So, fast-forward to the end of an evening’s hacking with Haskell. I now have hmortgage, a EDSL for expressing payment strategies and code which will expand out a mortgage into monthly steps, like this:

We are looking at loan of £1000.00 at 5.0% over 10y, which has required monthly payment of £10.58
Baseline:
        Total interest: £272.97 Total payments: £1272.97 Duration=10y 1m
Overpayment scenario "2 pm, 200 initial":
        Total interest: £132.09 Total payments: £1132.09 Duration=6y 3m
        Compared to baseline: interest=£-140.88, payments=£-140.88, duration=-3y 10m
For month 1, balance: £1000.00 -> £791.58       (interest: £4.16, payment: £212.58)
For month 2, balance: £791.58 -> £782.29        (interest: £3.29, payment: £12.58)
For month 3, balance: £782.29 -> £772.96        (interest: £3.25, payment: £12.58)
For month 4, balance: £772.96 -> £763.60        (interest: £3.22, payment: £12.58)

ie. if you overpay by £2 each month, and pay an initial lump sum of £200, you’ll save about £140 overall and will repay the mortgage nearly 4 years early.

There’s a few points of haskelly interest in this code, mostly inspired by stuff I read a few years ago – behaviors in FRP, and SPJ’s “composing contracts” paper.

Combinators for payment strategies

I have a few primitive payment strategies, which can be combined into more complex strategies:

  • monthlyPaymentsOf (100 Pounds)
  • lumpSumOf (100 Pounds)
  • lumpSumOf (100 Pounds) `after` (1 Year)
  • monthlyPaymentsOf (100 Pound) +. (lumpSumOf (100 Pounds) `after` (1 Year))

Shallow embedding of DSL

The dsl is a shallow embedding; it represents the monthly payment plan as a function from month-number to the payment amount, ie. Integer -> Currency. There’s a problem with this approach – the only thing you can do with a function is apply it to some arguments. This is fine for finding the payment for a particular month, but I would also like to derive a textual description of the payment plan – which isn’t possible with functions.

From stuff I’ve read previously, I think my two options are:

  1. Lisp-like: Represent the payment schedule as data (ie. like an AST) and provide an eval function. This allows introspection into structure of the payment schedule. Code is data, data is code.
  2. Arrow-like: The payment strategy could be a tuple of the function and a textual description. When strategies are combined, the combinator would merge the textual descriptions as well as producing new combined functions. I’m not totally convinced that the english language is ‘compositional’ in this way though – it might end up with really clumsy phrasing.

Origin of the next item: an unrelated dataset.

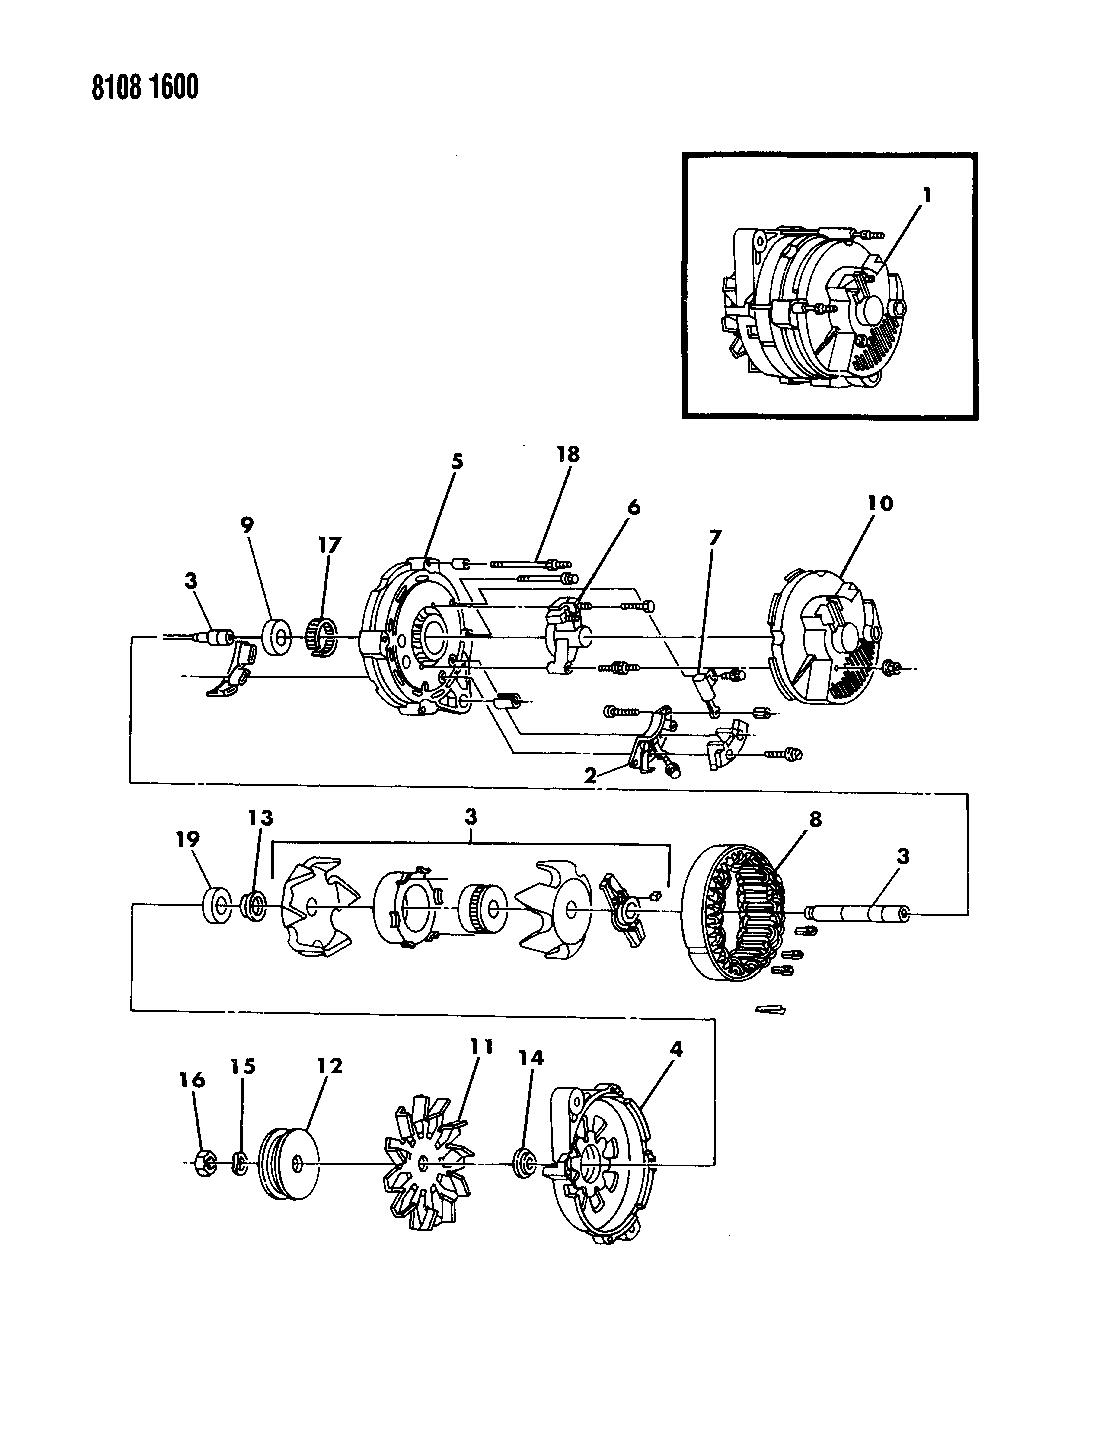 1988 Dodge Grand Caravan Alternator - Mopar Parts Giant on
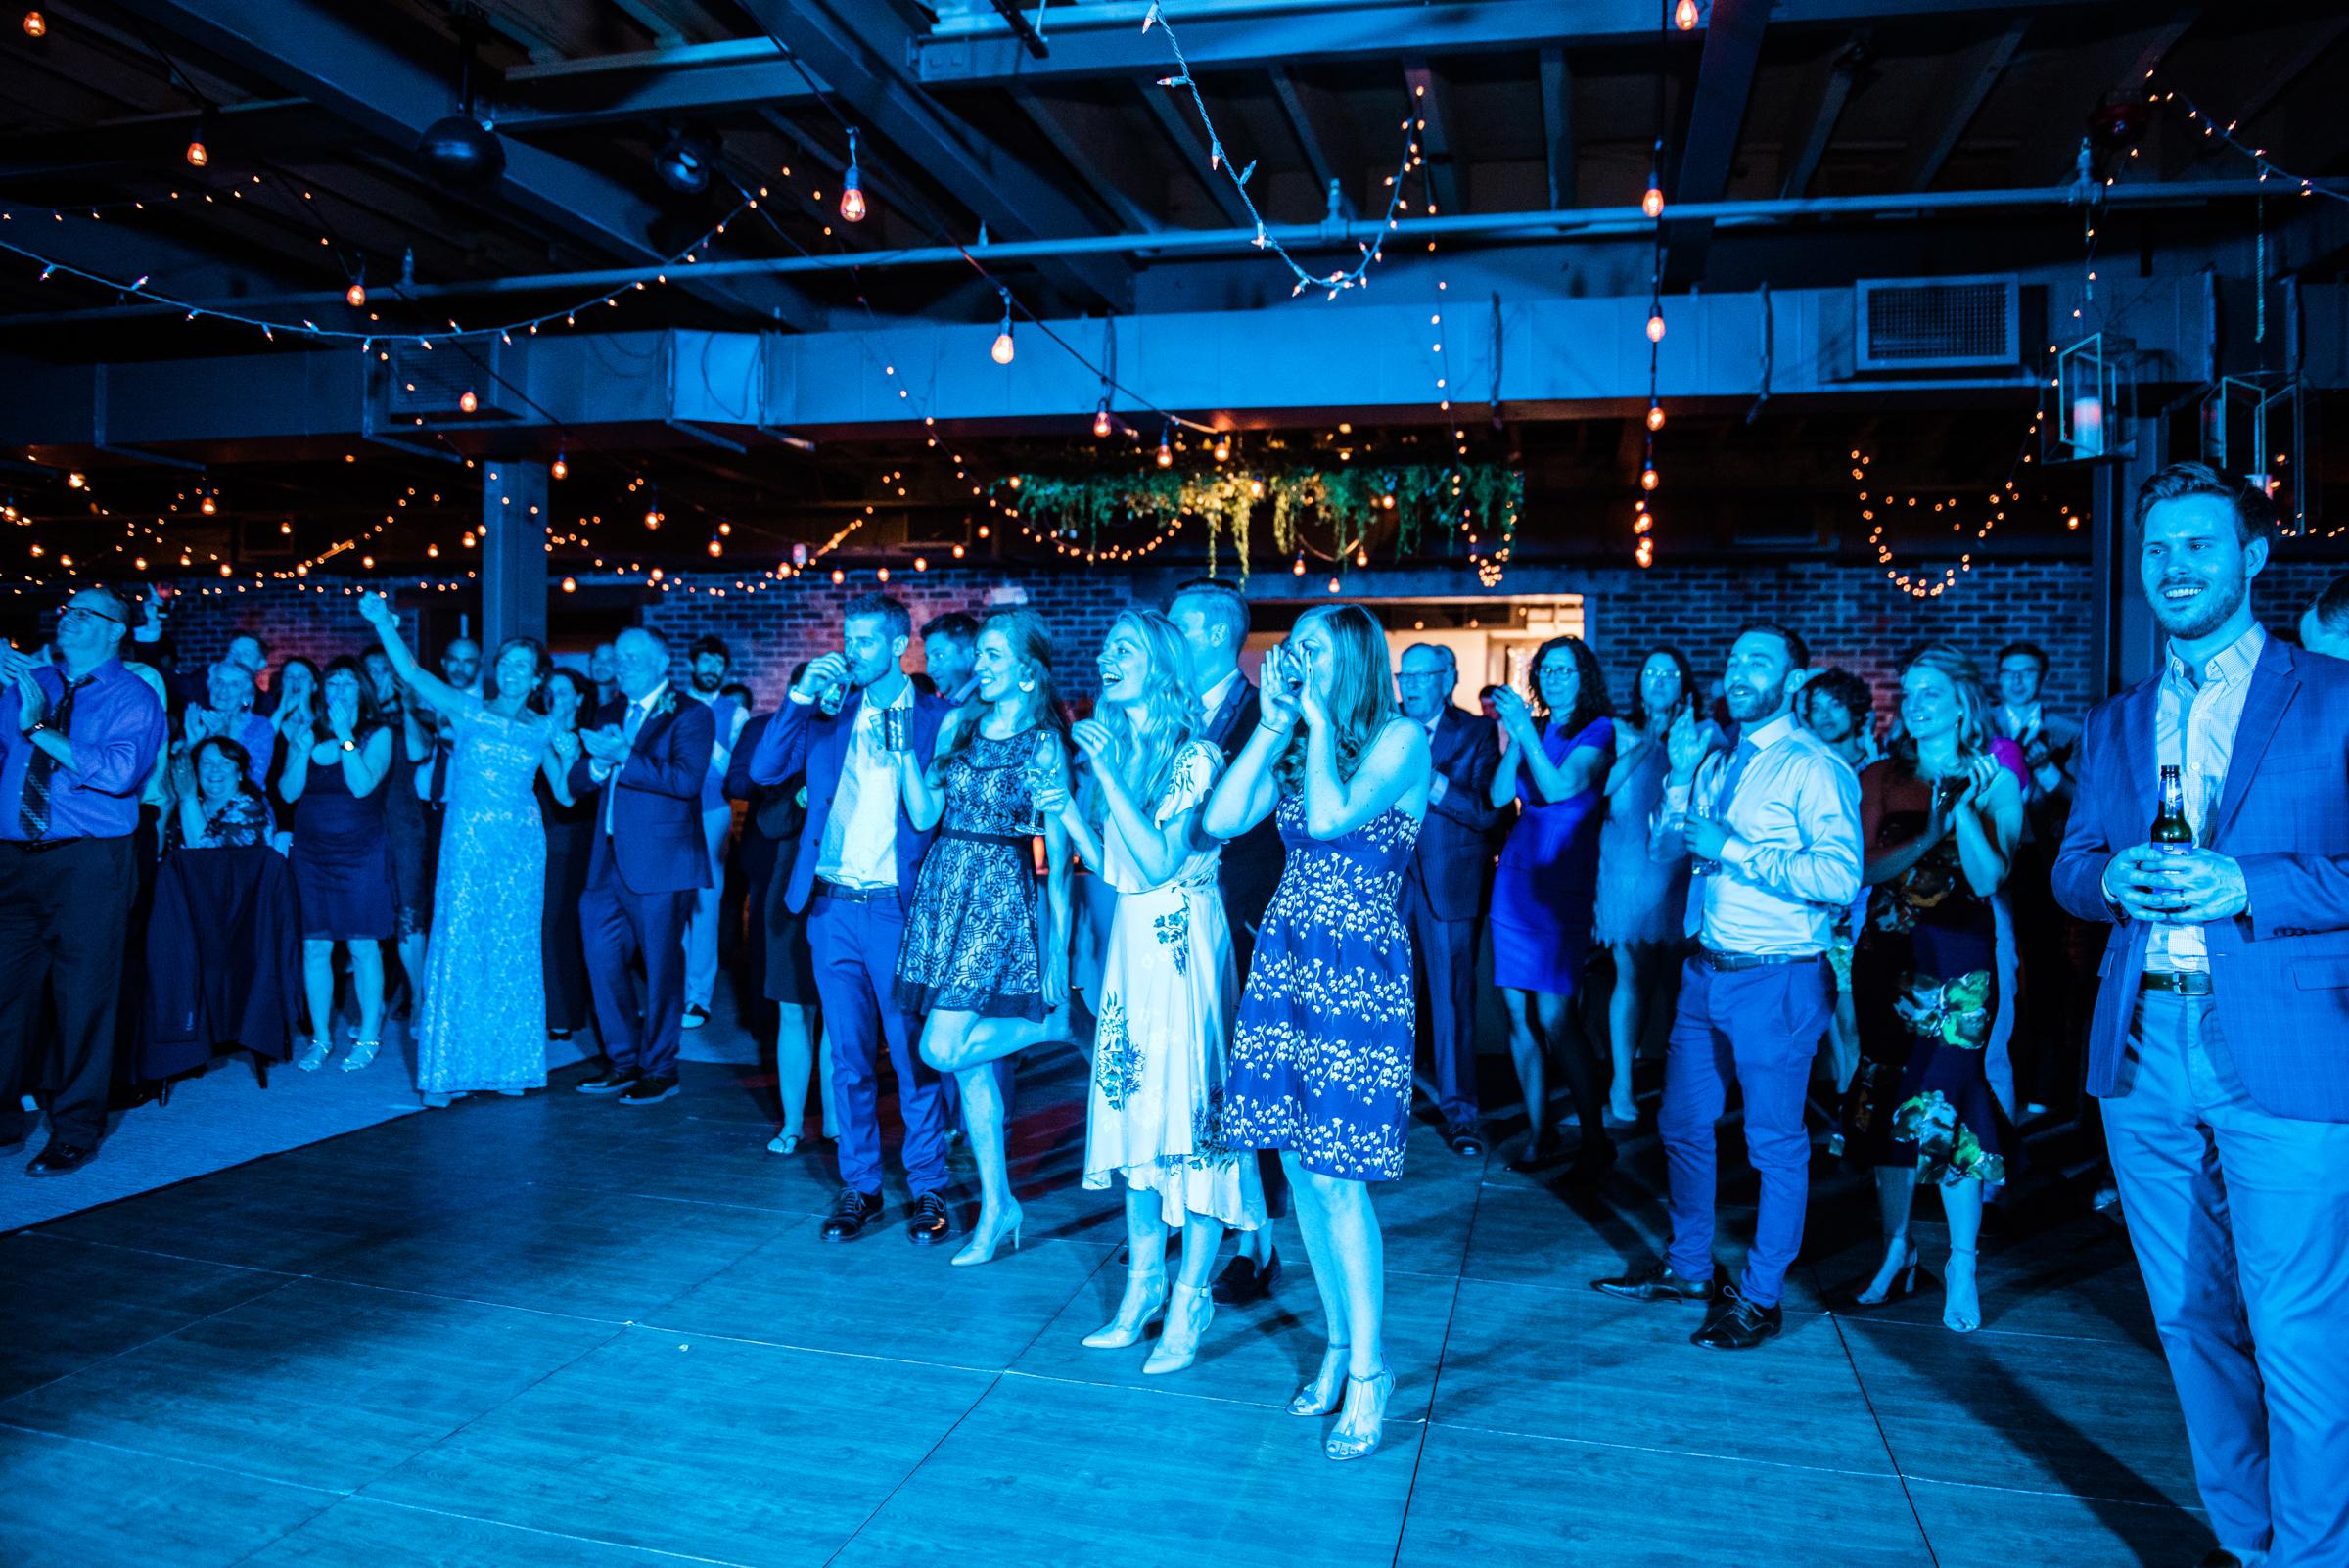 SKY_Armory_Syracuse_Wedding_JILL_STUDIO_Rochester_NY_Photographer_DSC_6648.jpg

Crazy Lennart-inspired postfix operators

Initially, the only way I had to create a ‘Currency’ value was via the ‘pounds’ function. In haskell, the function precedes the argument, hence it looks like “pounds 20”. The source code would read nicer if I could write this as “20 pounds” like we do in english. I didn’t think this was possible in Haskell.

Then I remembered seeing Lennart Augustsson’s crazy embedding of BASIC into Haskell. In particular, he had code which looked like this:

runBasic $ do
  10 PRINT "HELLO"
  20 END

How the heck does that parse? It’s using ‘do’ notation, so “20 END” must have a type in the Monad class. But, as I understood things, “x y” means “apply the (function) value x to value y”. And “20” doesn’t look much like a function to me.

Digging into the source, I found this:

-- 10 END
instance Num (END -> Expr a) where
    fromInteger i c = ...

Hmm, interesting. This is saying that (some) function type can be treated as if it is “number like” and provides a mechanism for converting integer literals in source code to that type. I hadn’t fully appreciated this, but the Haskell Report says that numeric literals aren’t quite as literal as I expected – the literal integer value gets passed through ‘fromInteger’ and can therefore be made into any Numeric type.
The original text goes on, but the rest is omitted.